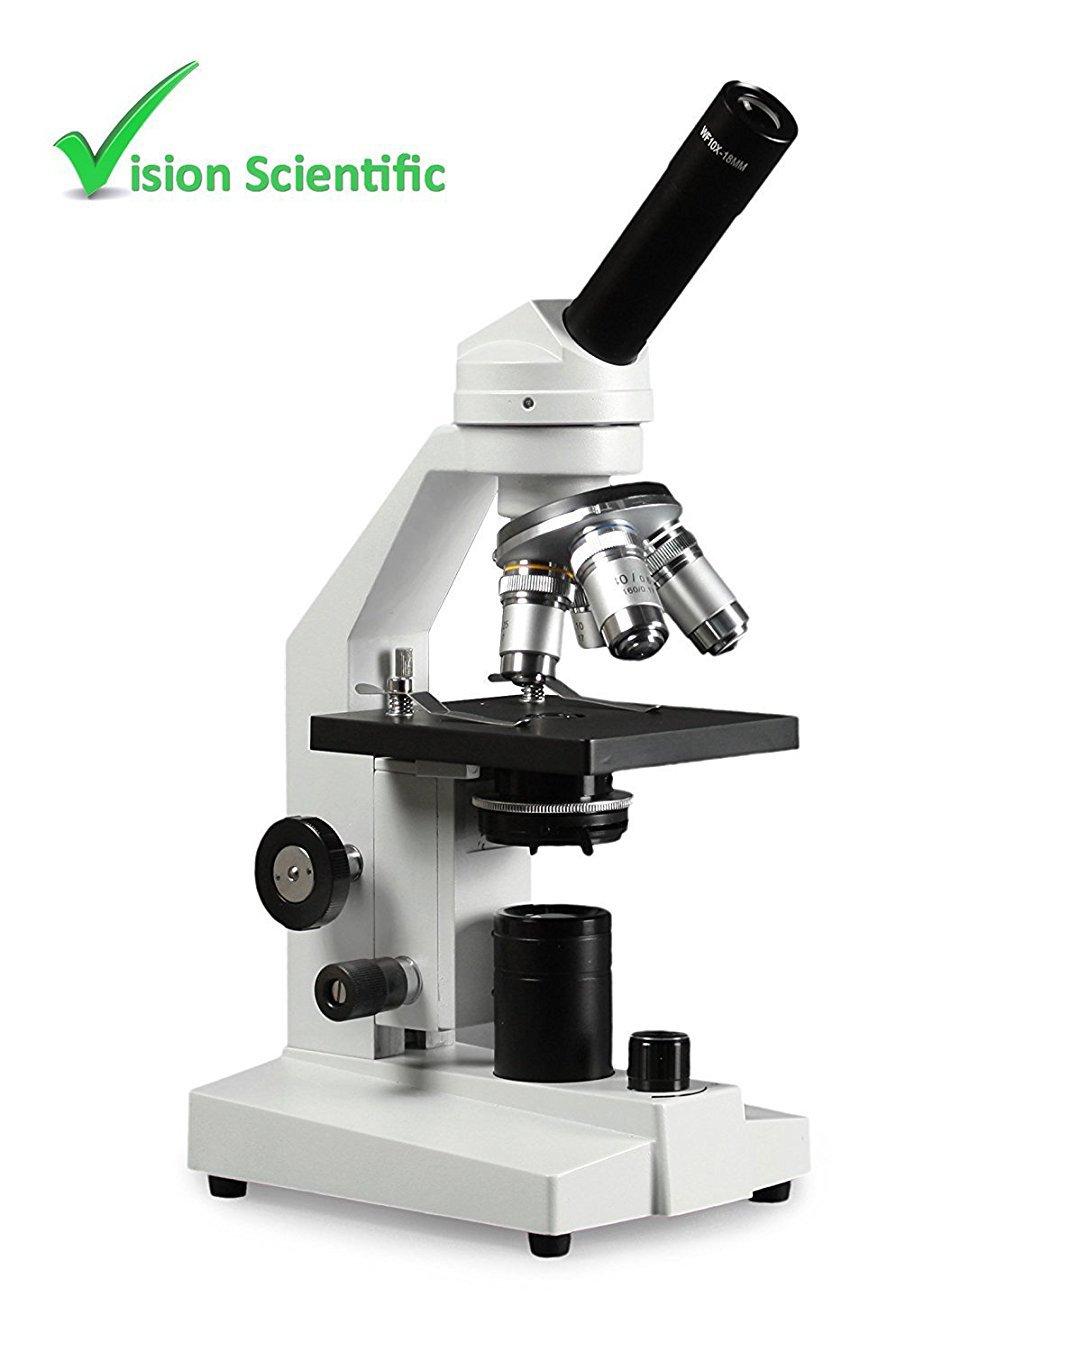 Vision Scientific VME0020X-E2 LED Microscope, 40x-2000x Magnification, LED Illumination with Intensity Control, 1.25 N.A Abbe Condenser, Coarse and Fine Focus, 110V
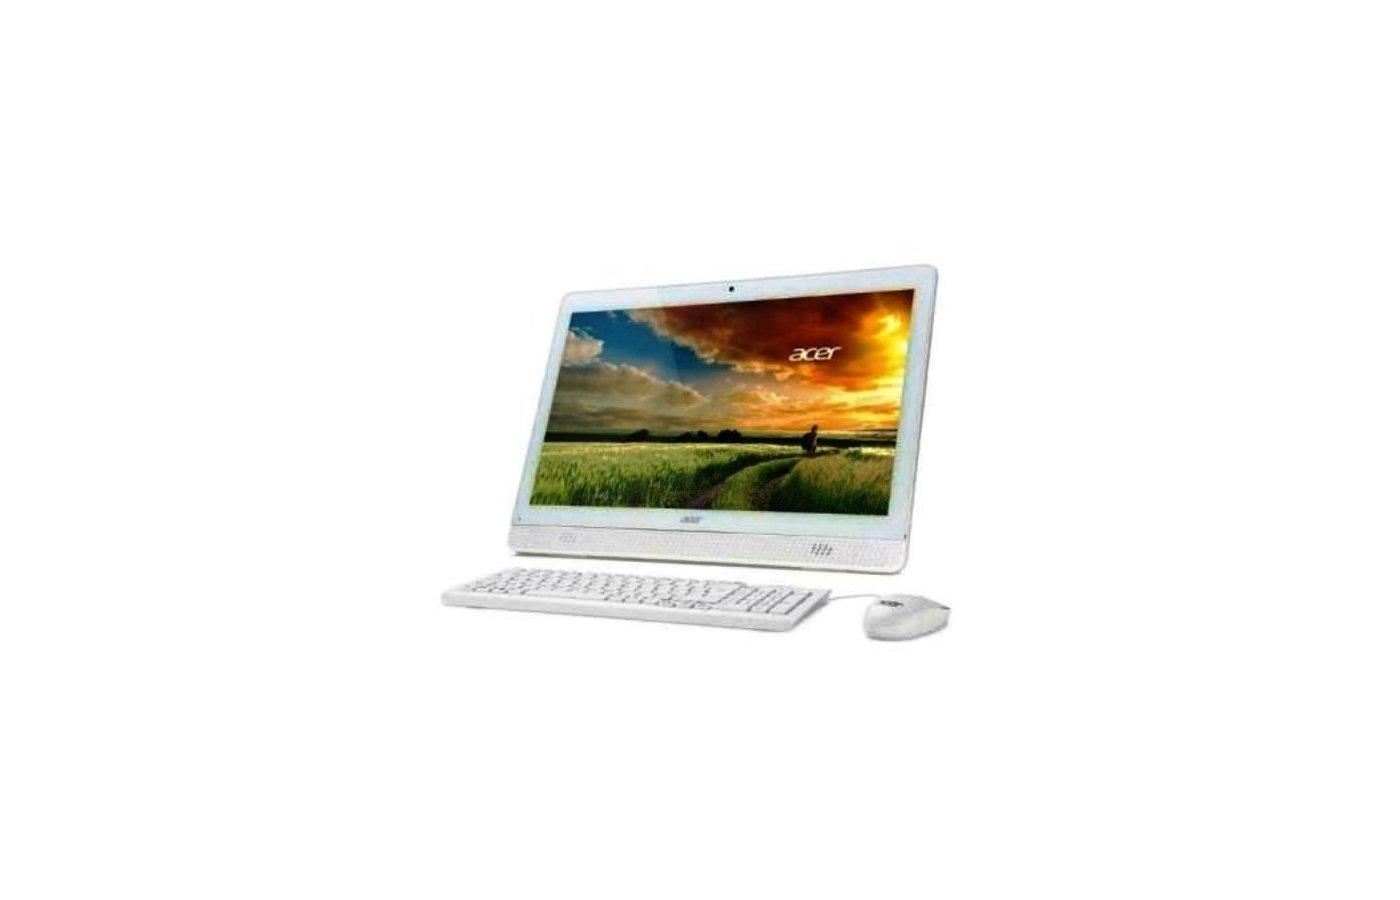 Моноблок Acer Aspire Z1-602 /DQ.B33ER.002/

--------------------------------------------------

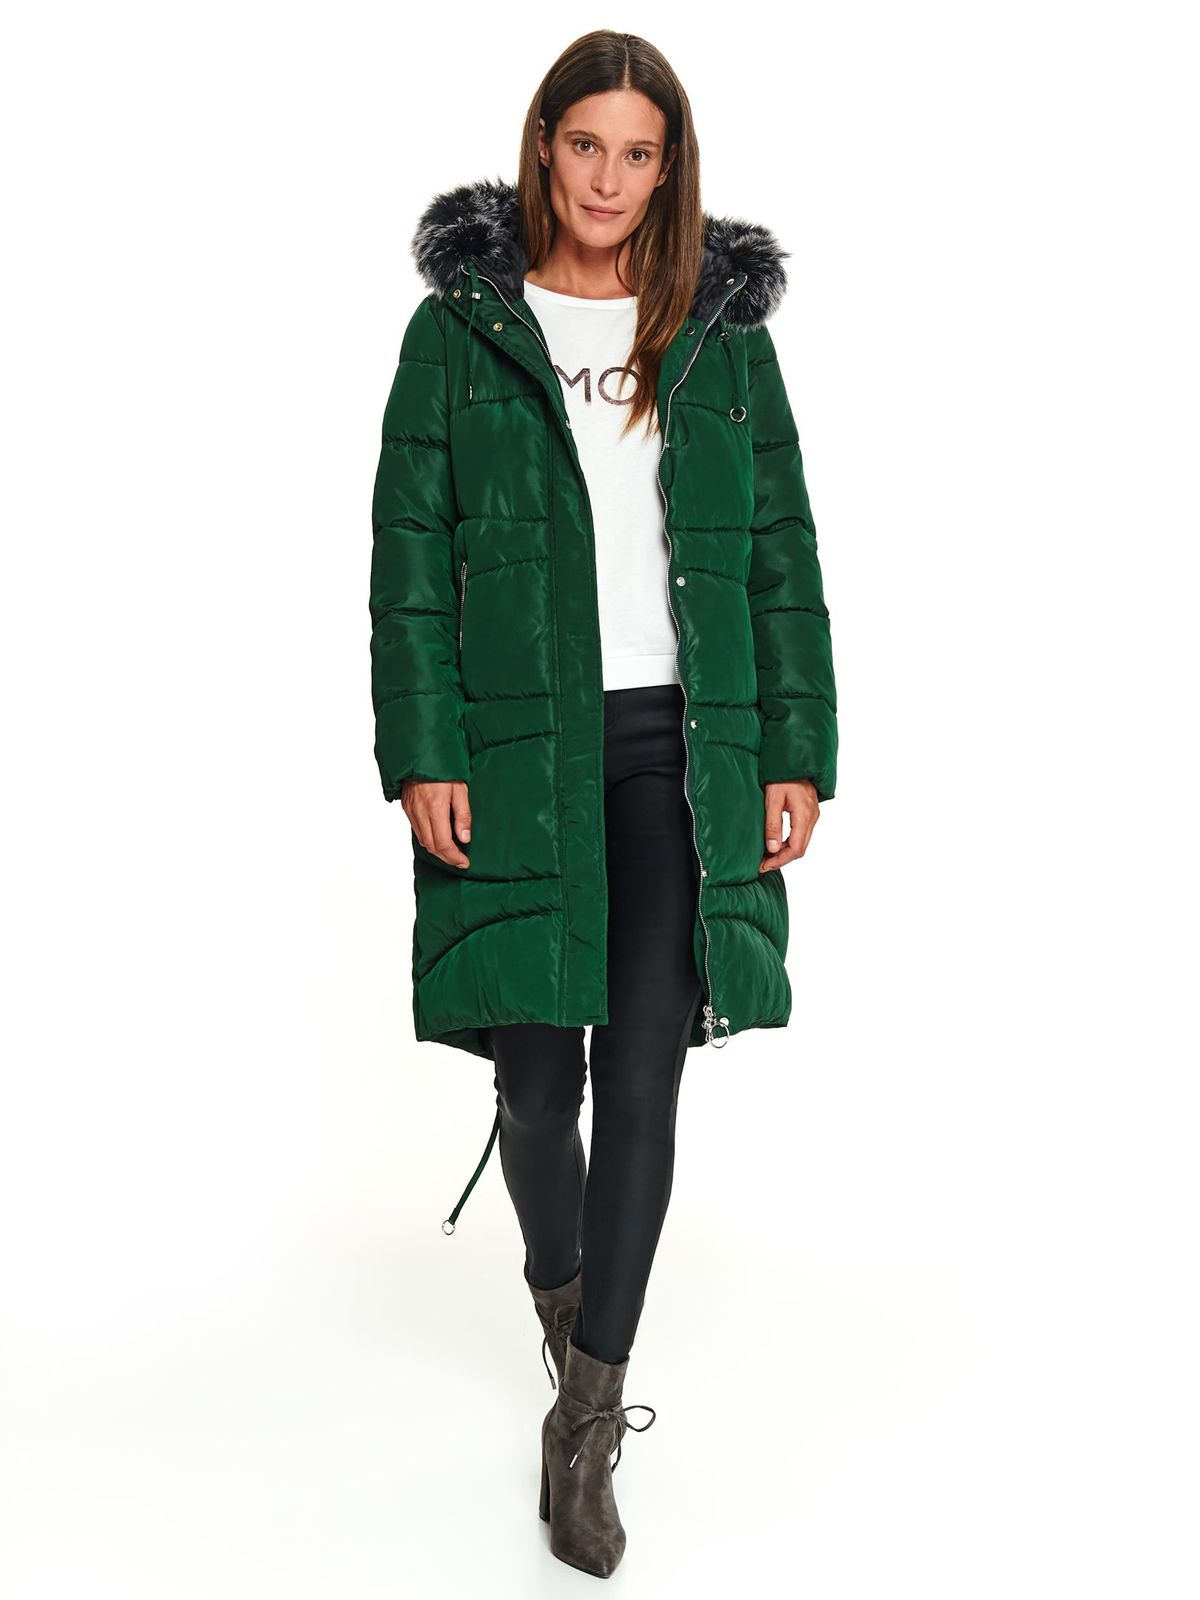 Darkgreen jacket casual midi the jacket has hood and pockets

--------------------------------------------------

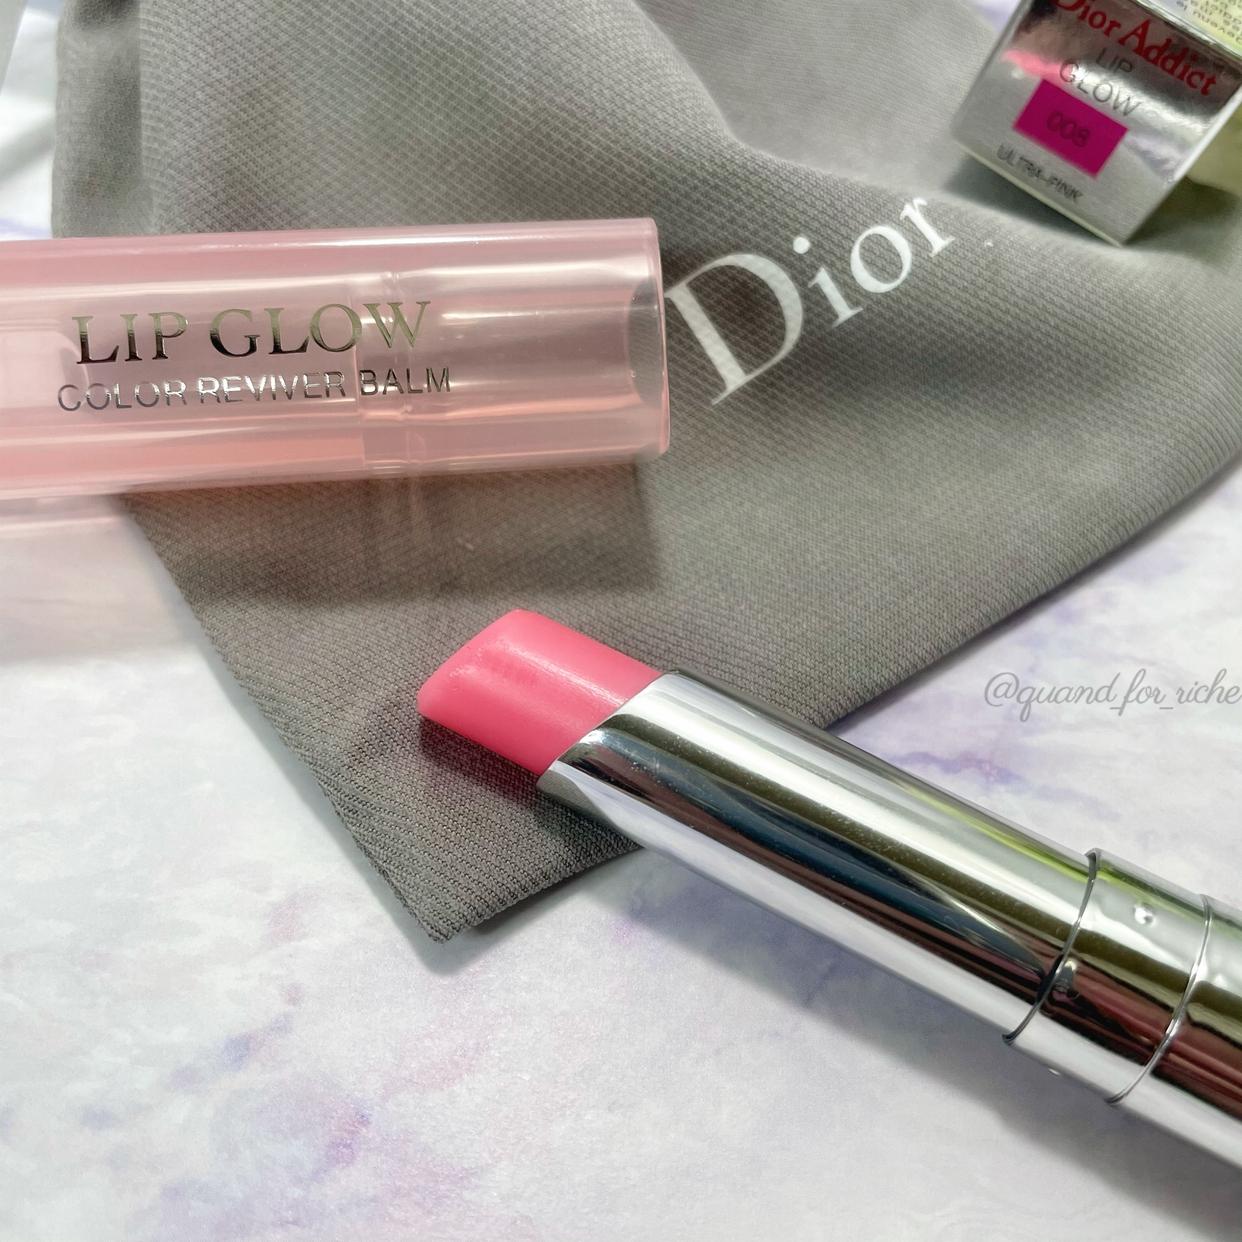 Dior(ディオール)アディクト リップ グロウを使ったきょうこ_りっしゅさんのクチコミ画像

--------------------------------------------------

#### What you have to do
With the pictures omitted, copy the entries above exactly from the line containing "Vision Scientific VME0020X-E2" through the line containing "Моноблок Acer Aspire Z1-602 /DQ.B33ER.002/", both lines included.

#### Answer for this exercise
 Vision Scientific VME0020X-E2 LED Microscope, 40x-2000x Magnification, LED Illumination with Intensity Control, 1.25 N.A Abbe Condenser, Coarse and Fine Focus, 110V
 Моноблок Acer Aspire Z1-602 /DQ.B33ER.002/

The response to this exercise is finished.